Contrary to defendant's suggestion, the facts relating to the count on which he was acquitted may establish the requisite knowledge to sustain a conviction on the Crestwood transaction because the acquittal on Count 1 does not constitute res judicata on any other charge in the indictment. Dunn v. United States, 284 U.S. 390, 393 (1932); United States v. Clemmer, 918 F.2d 570, 573 (6th Cir. 1990). Further, the evidence would be properly admitted under Fed.R.Evid. 404(b) to establish the requisite knowledge for a conviction on the Crestwood Road transaction. Finally, the structure of the second transaction creates a strong inference that defendant knew of and attempted to evade the reporting requirements. Defendant instructed Montagna to issue six checks in the amount of $9,500 or less and had all of the checks converted to currency on different days at different banks.

Defendant also appeals the denial of his motion for a new trial based on newly discovered evidence under Fed. R. Crim. P. 33.1  This court reviews for an abuse of discretion. United States v. Barlow, 693 F.2d 954, 966 (6th Cir. 1982), cert. denied, 461 U.S. 945 (1987).

The government acknowledges that Todaro first asked for cash from escrow from Montagna, but maintains that the balance of Montagna's trial testimony and all the other evidence against defendant remained unchanged: (1) that Todaro did not want a single check to be cashed; (2) that he directed that the checks be issued in amounts less than $9,500; (3) that he had the checks cashed at different banks on different days.

The government's first two factors do not necessarily follow from Montagna's post-trial statement, given the import of Montagna's post-trial testimony that it was she, not defendant, who first suggested breaking up the loan proceeds as previously prescribed by Christ, leaving room for an argument that defendant acquiesced in the arrangement but did not engineer it. Notwithstanding, the fact that defendant had the checks cashed at different banks on different days is strong evidence of knowledge of, and intent to avoid, the bank's reporting requirements. That is, if, as defendant suggests, he had truly desired the $46,000 in cash as initially requested, there was absolutely no reason why he would have the checks cashed on different days at different banks.
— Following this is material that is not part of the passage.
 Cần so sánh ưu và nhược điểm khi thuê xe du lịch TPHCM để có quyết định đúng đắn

Defendant's conduct is at odds with the purportedly innocent initial request for a lump sum in cash, and it can be inferred therefrom that defendant had the requisite mens rea to uphold his conviction. We evaluate this circumstantial evidence just as we would direct evidence. Baydoun, 984 F.2d at 179 (citation omitted). This conclusion is bolstered by an apparent motive to conceal, and the circumstantial evidence of defendant's knowledge of the reporting requirements from Peter Christ as discussed above. In sum, the most that can be said of Montagna's post-trial testimony is that it would "at best have created a conflict in the evidence rather than a likelihood of acquittal," and therefore would not likely have resulted in an acquittal. United States v. Scaife, 749 F.2d 338, 349 (6th Cir. 1984).
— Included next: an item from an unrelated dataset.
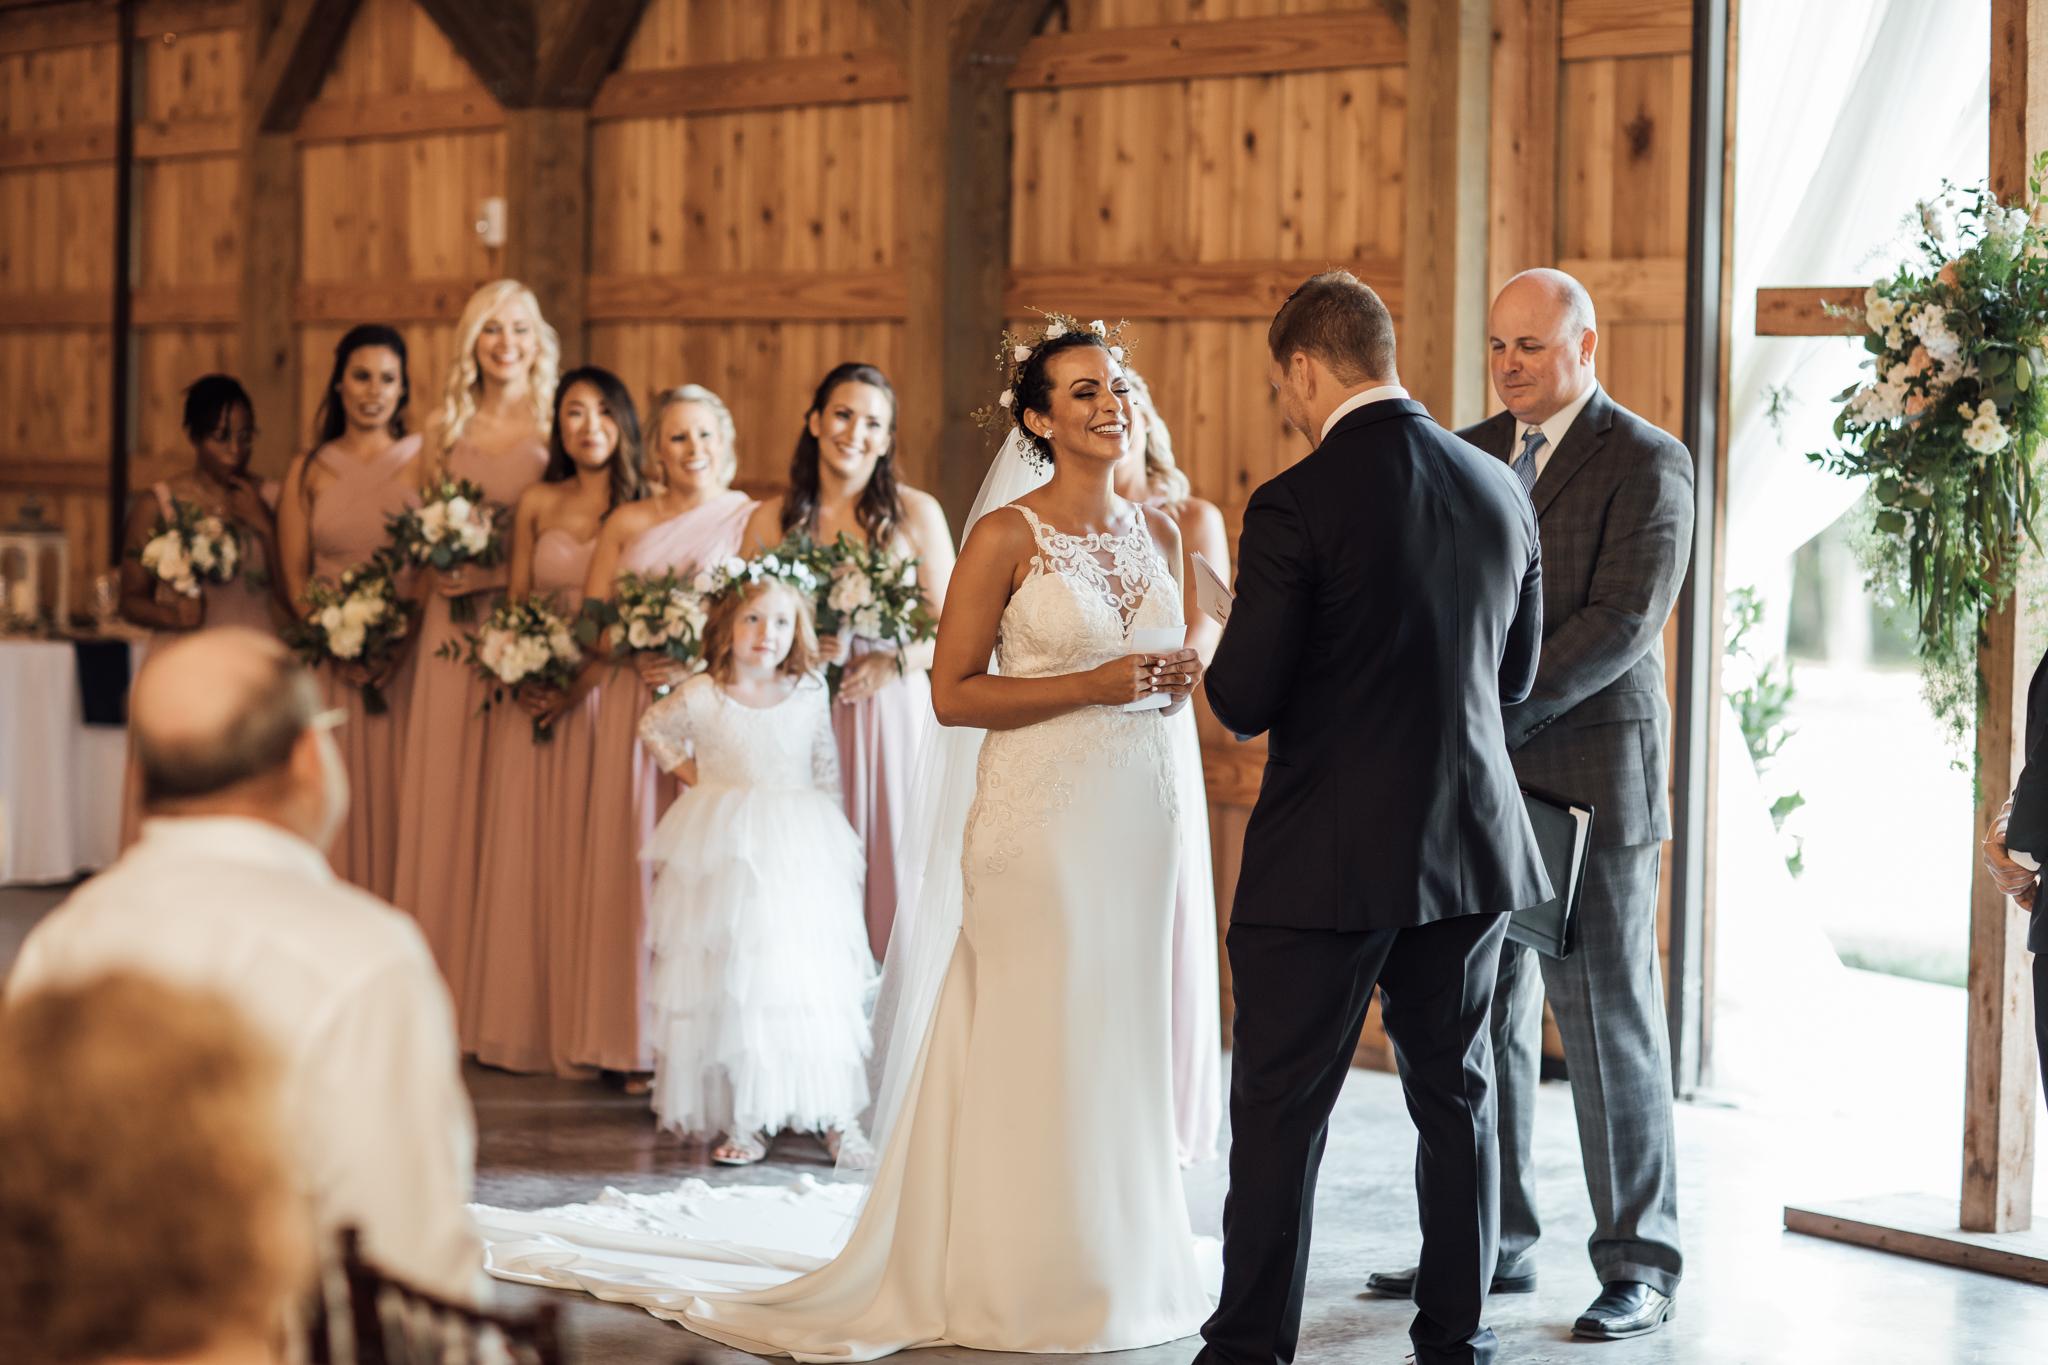 saddlewoodsfarms-nashville-wedding-photographer-thewarmtharoundyou-rustic-wedding (207 of 251).jpg

Defendant's case bears only a superficial resemblance to Baydoun. Unlike Baydoun, the government established proof of a motive to hide cash from the IRS. Cf., Baydoun, 984 F.2d at 181-82) (finding significant the fact that government conceded that the cash in question was nontaxable and that drug monies were not involved). Further, Baydoun, in contrast to defendant, remained with the same bank to make his deposits over a three-day period, thereby giving credence to his argument that he had no knowledge of the CTR requirements. Id. at 181.
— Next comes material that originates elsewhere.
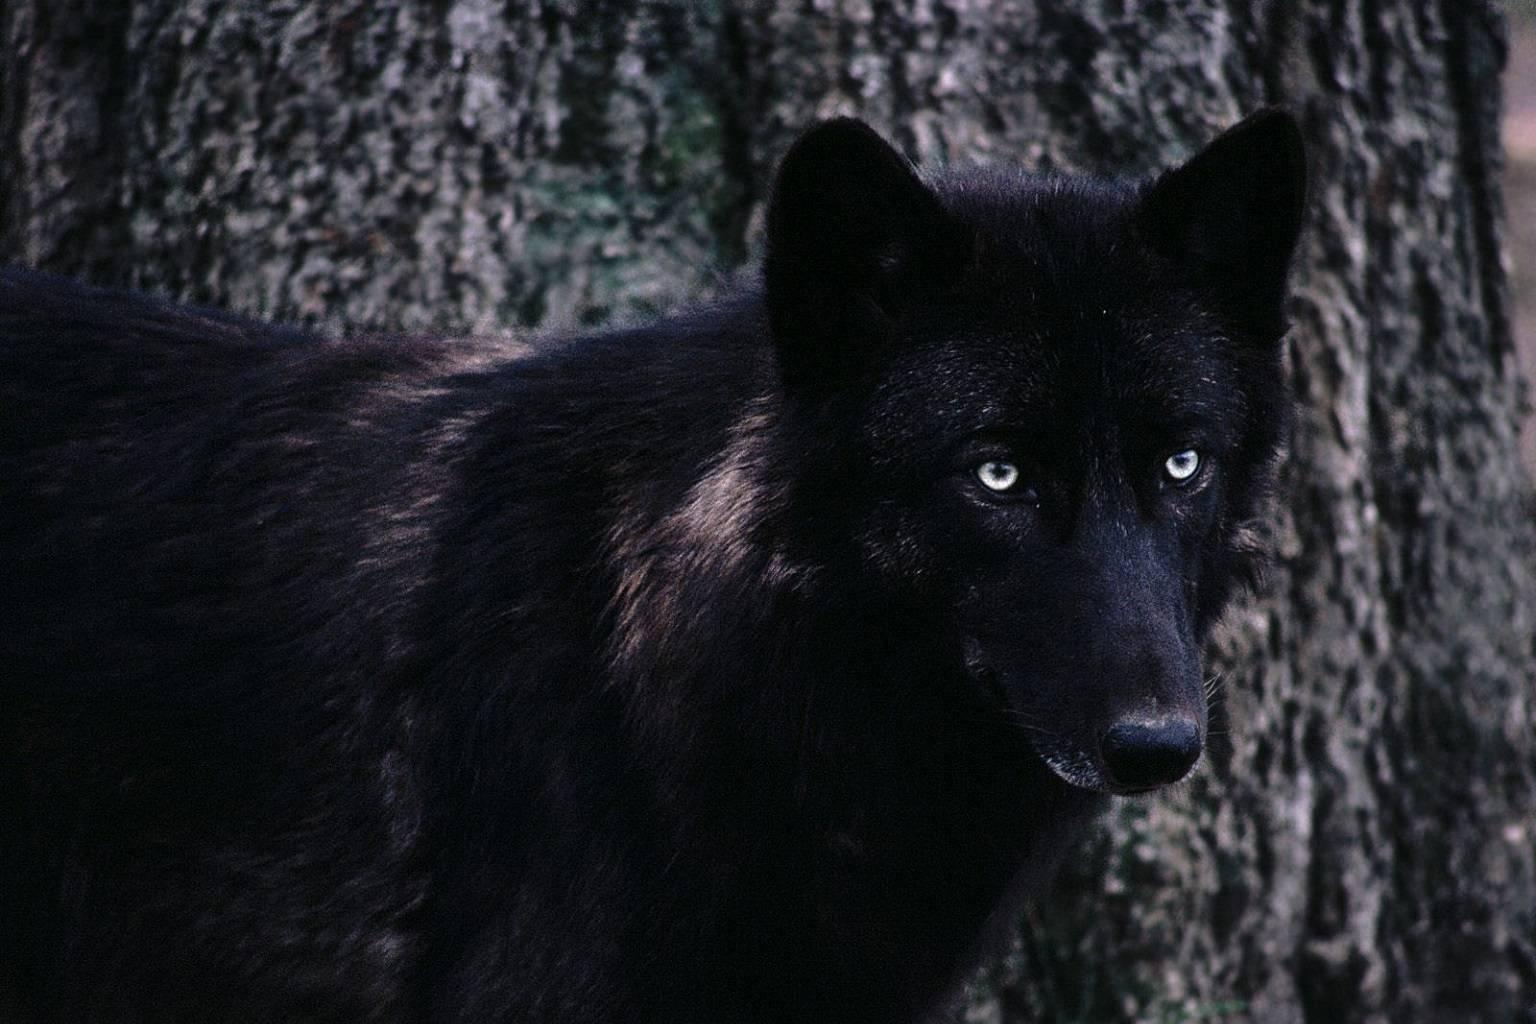 Darknes in the woods

Thus, Baydoun does not support defendant's position. In sum, we find no basis for reversal. AFFIRMED.

 *

Honorable Nancy G. Edmunds, United States District Judge for the Eastern District of Michigan, sitting by designation

 1

Motions for newly-discovered evidence are governed by the following standards:

(1) the new evidence was not discovered until after the trial;

(2) the evidence could not have been discovered earlier through due diligence;

(3) the evidence is material and not merely cumulative or impeaching; and

(4) the evidence would likely produce an acquittal.

United States v. Barlow, 693 F.2d 954, 966 (6th Cir. 1982), cert. denied, 461 U.S. 945 (1987).